Tyson Goodridge recently offered some tips I agree with completely:

Step 1: Social Media is exactly that, it’s social. If you are the type of person who likes to surround yourself with lots of friends and colleagues, you’ll find social media easier to digest and learn.

Step 2: Yes, it’s public. If you aren’t comfortable sharing parts of your life besides your name, resume and the name of your company, this may not be for you, and that’s perfectly ok.

Step 3: It takes time: Rome wasn’t built in a day, so don’t try becoming friends with everyone online. You can’t fake social media. If you’re not the same person (or company) online as you are offline, people will call you out on it.

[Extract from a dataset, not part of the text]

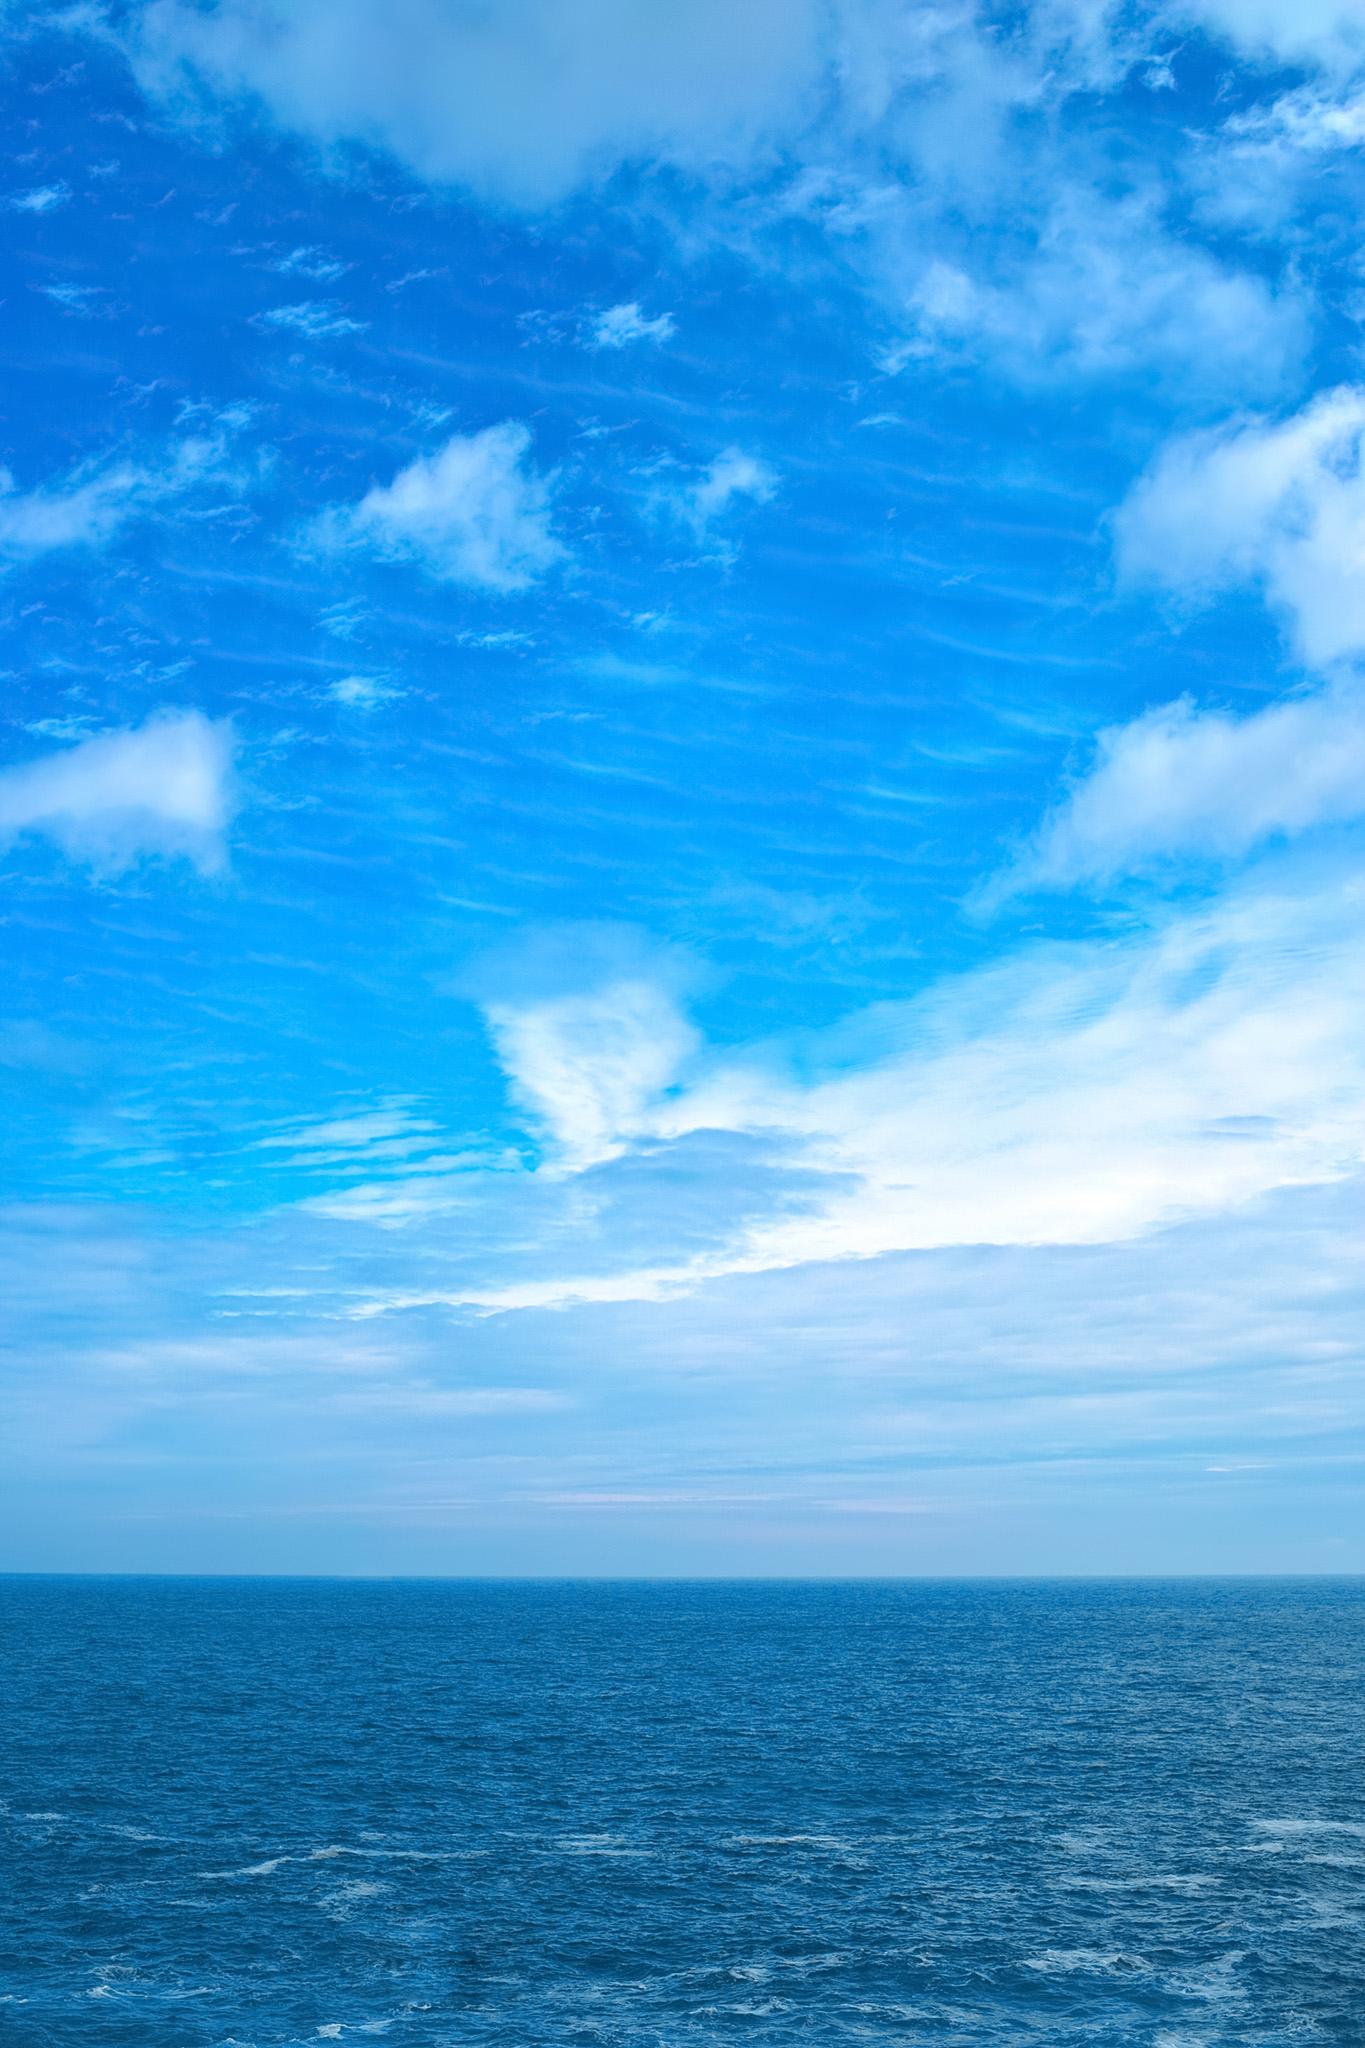 「夏空と小波立つ海」

He has captured a great rule of thumb for personal use, there are also business application considerations. The initial consideration is identifying the appropriate balance of social forum building for your business. This includes considering manpower (don't have your one Marketing Manager sink all their time into Twitter, don't have an intern manage Twitter by posting randomly and sporadically), using the appropriate tools for your business Facebook could be a great marketing tool for a teen audience, but you need to keep your efforts diversified with traditional marketing when you're considering the Baby boomers who are abandoning Facebook. (See Switched's May 27th article)



Companies need to take a careful, methodical approach to building their social communities. Throwing the idea of using Twitter at a traditional marketer is not going to implement this as well someone who is passionate about using this technology and bringing it to the general population. Utilizing a careful, methodical and dedicated approach with a marketer skilled in the critical thought process attached to the roll-out of such technologies is the best practice when implementing social media marketing tools.